Avec Le Graët, c'est l'entente cordiale

Fort heureusement, avec l'Equipe de France, Deschamps n'a pas eu à faire face à ce genre de soucis. Depuis qu'il a pris la place de Laurent Blanc en 2012, il a pu exercer dans les meilleures conditions possibles et cela s'explique par son excellente entente avec Noël Le Graët, l'homme fort de la fédération. Ils sont souvent sur la même longueur d'onde et chacun témoigne à l'autre une très grande estime. La manière dont a été gérée la prolongation de contrat du sélectionneur en février 2015 illustre à merveille cette relation. L'affaire Karim Benzema et le fait que DD a laissé son président comme seul décideur est aussi une preuve d'une confiance réciproque. Cela peut paraitre anodin, mais c'est aussi l'une des clés de la réussite d'une équipe.

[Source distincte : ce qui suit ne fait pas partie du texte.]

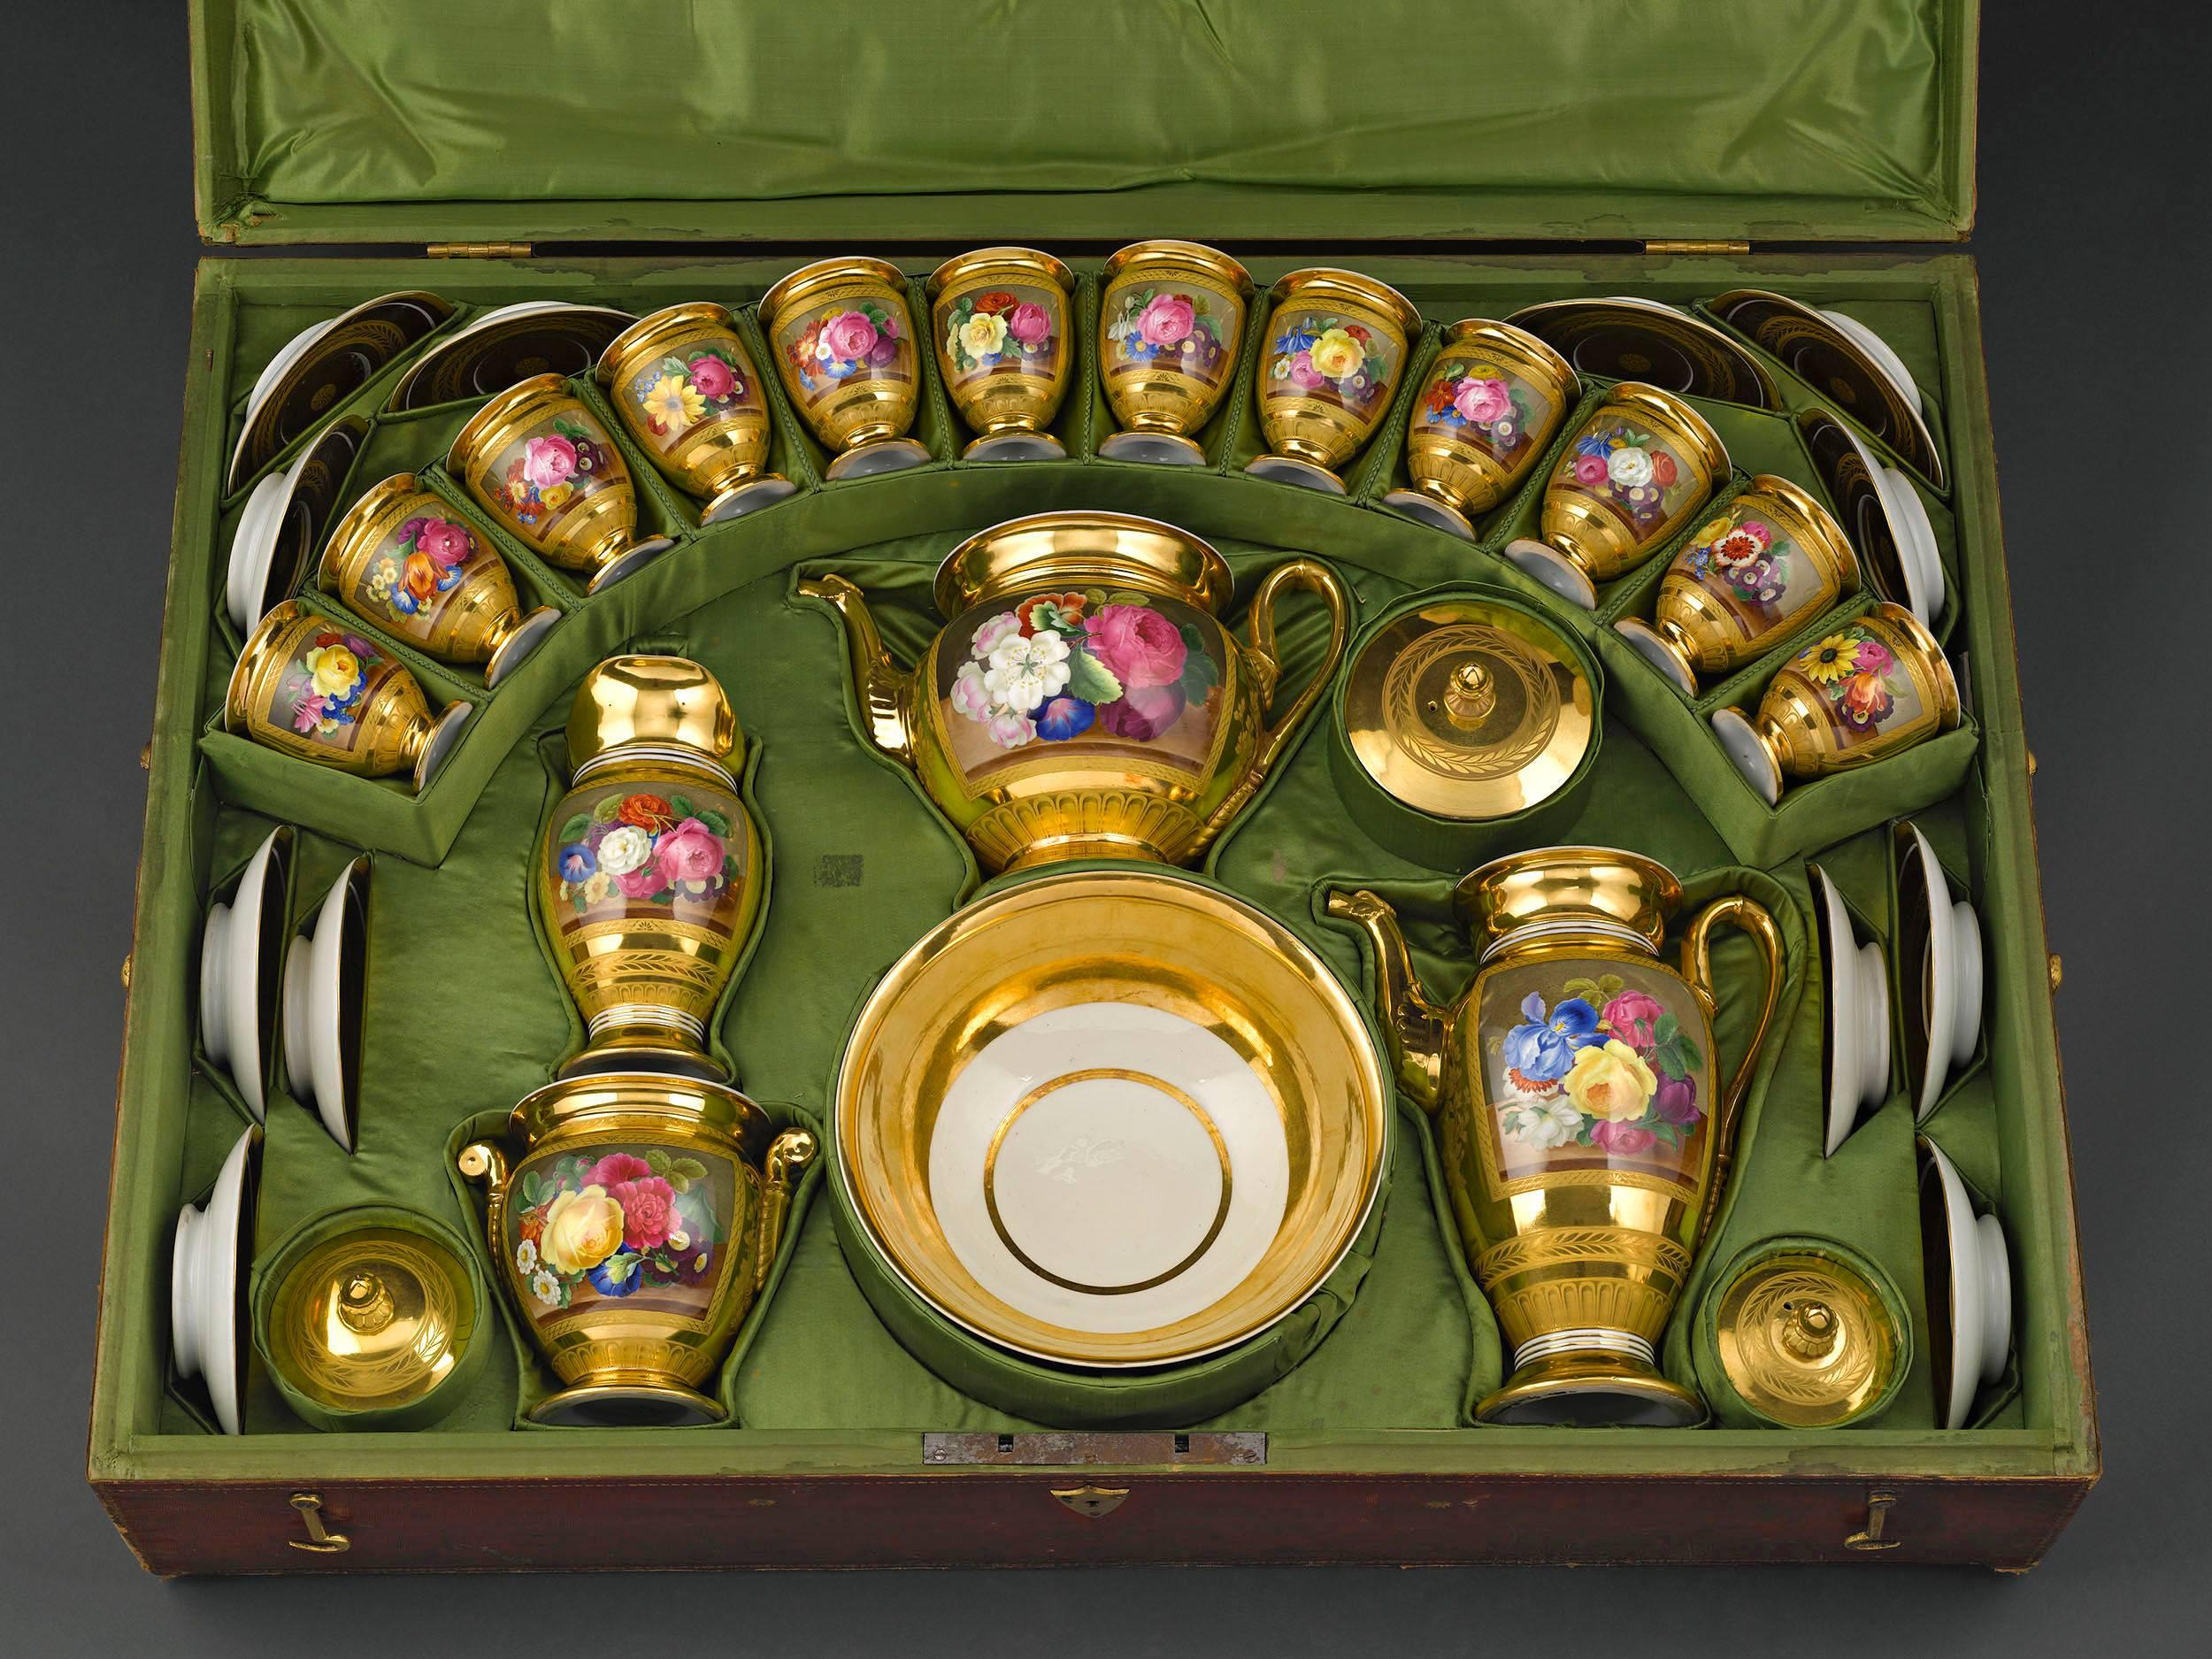 This rare and extensive Meissen porcelain tea and coffee service displays exceptional artistry. Each of the 39 exquisite pieces features delicately hand-painted cartouches of the popular “Meissen Rose” within a floral still-life. Each unique

Homme de base et premier atout des Bleus, Didier Deschamps va mener son groupe dans la quête d'un deuxième titre européen sur ses terres. La recette est connue de tous et à l'image de son sélectionneur : humilité, pragmatisme et travail. En cas de succès, il sera alors l'heure de penser aux festivités. Il lui reste un peu plus de trois mois pour trouver la formule qui lui permettra de cultiver son image de gagneur. La France ne demande que ça.